The options are a lot more limited during the season. The Leonard trade came after the draft in May. The deals for Nelson and Jennings were struck in the final days of the preseason. Chris Smith arrived two weeks before this season's draft.
Smith showed up like Nelson and 49ers safety Taylor Mays via trades. The Bengals nearly drafted them when they came out and remained interested while they watched their development. A fifth-round pick of the Jags in 2014, Smith is headed back for Sunday's game (1 p.m.-Cincinnati's Channel 12) in Jacksonville needing 15 snaps to pass his career-high 154 in 2015.
He'll get a lot more than that. He's coming off a career-high 34 snaps in Sunday's victory he helped make possible after Michael Johnson exited with a back injury at halftime. With Johnson uncertain for this Sunday, wouldn't you know Smith is slated to see his old team?
"He added depth," said left end Carlos Dunlap. "He had a lot of pressure (Sunday) and could have had a couple of sacks. It's a big week for him to show the team that lost faith in him and get back at them."
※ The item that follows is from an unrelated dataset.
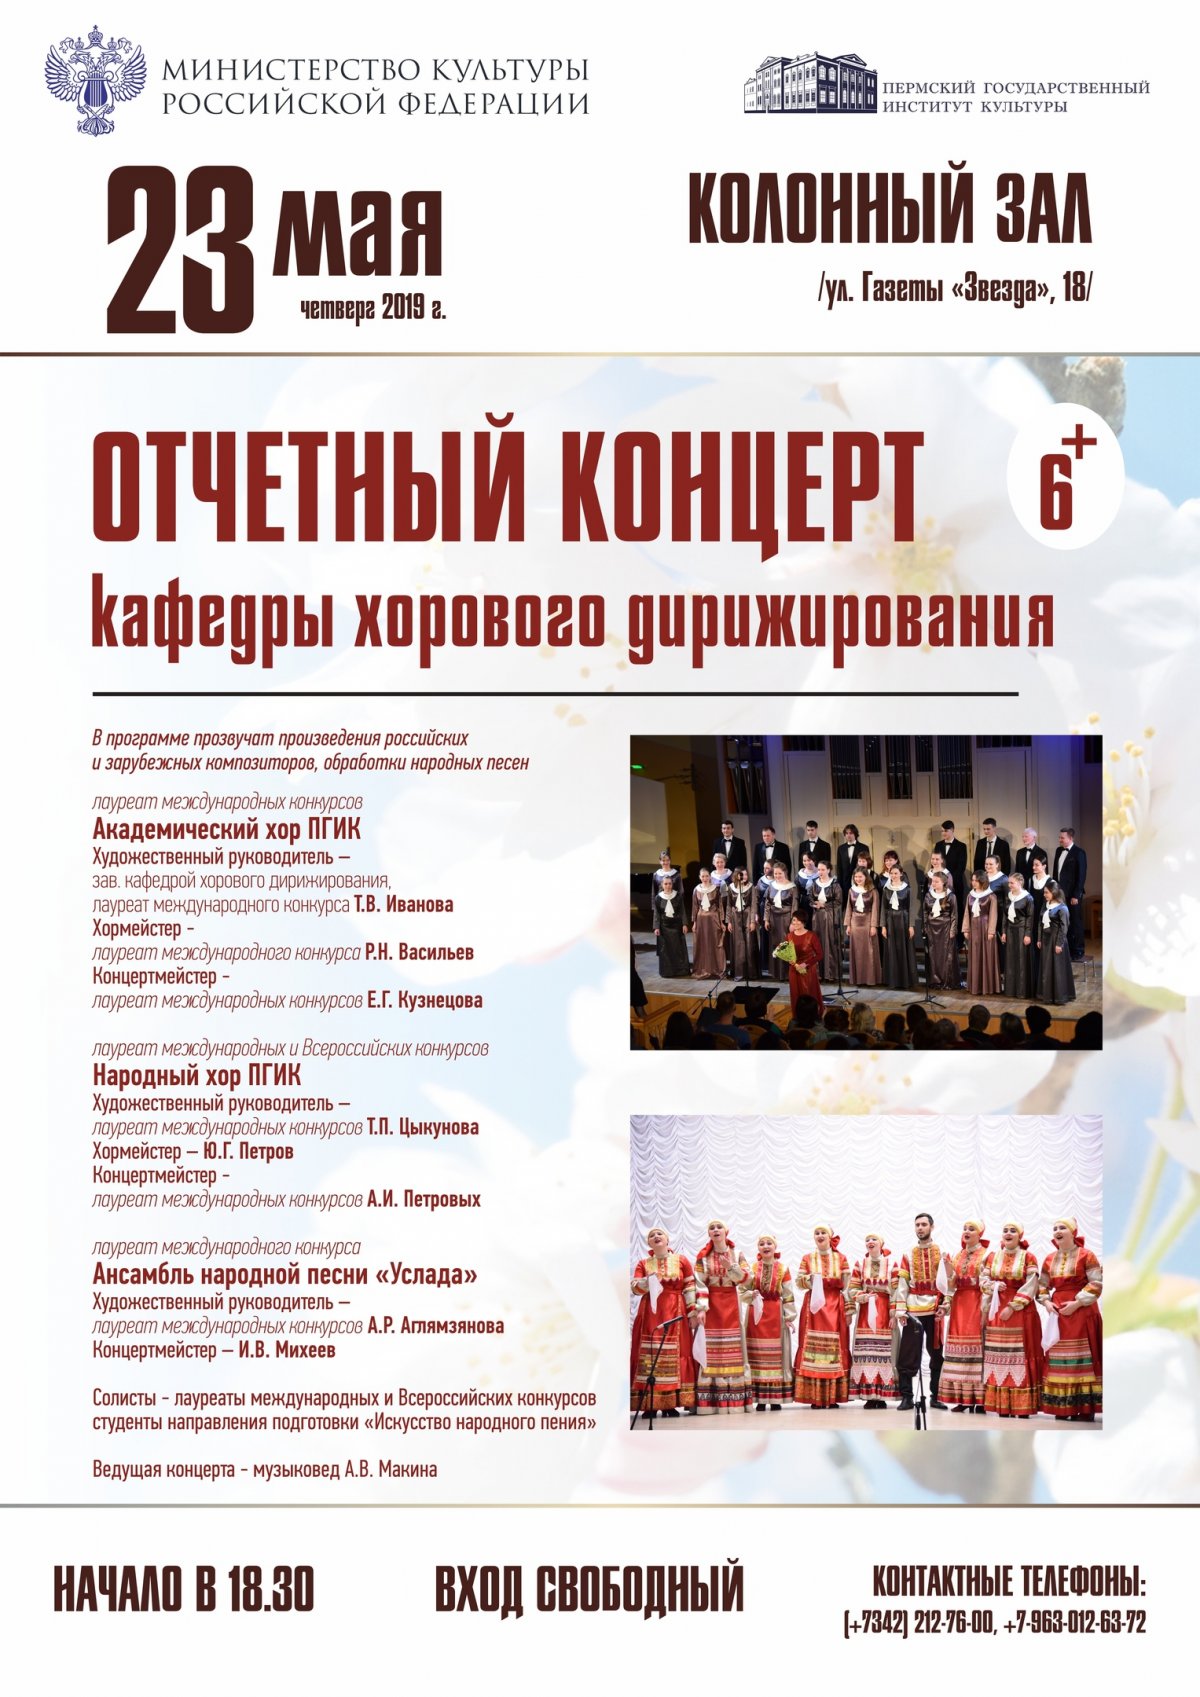 Консерватория Пермского государственного института культуры приглашает на отчетный концерт студентов кафедры хорового дирижирования.

Smith is low keying the return but he'll be a marked man. He came up with one of the biggest plays Sunday to book-end Dunlap's pick-six when he rocked Colts quarterback Jacoby Brissett on fourth-and-four with 1:18 left to end it on a sailing incompletion.
"They gave me an opportunity. They drafted me. At the end of the day it's a business. No hard feelings," said Smith Monday, recounting the trade. "I wouldn't be in the NFL but the Jacksonville Jaguars drafted me. It was messed up, or whatever. I'm here now. I just play the cards I'm dealt.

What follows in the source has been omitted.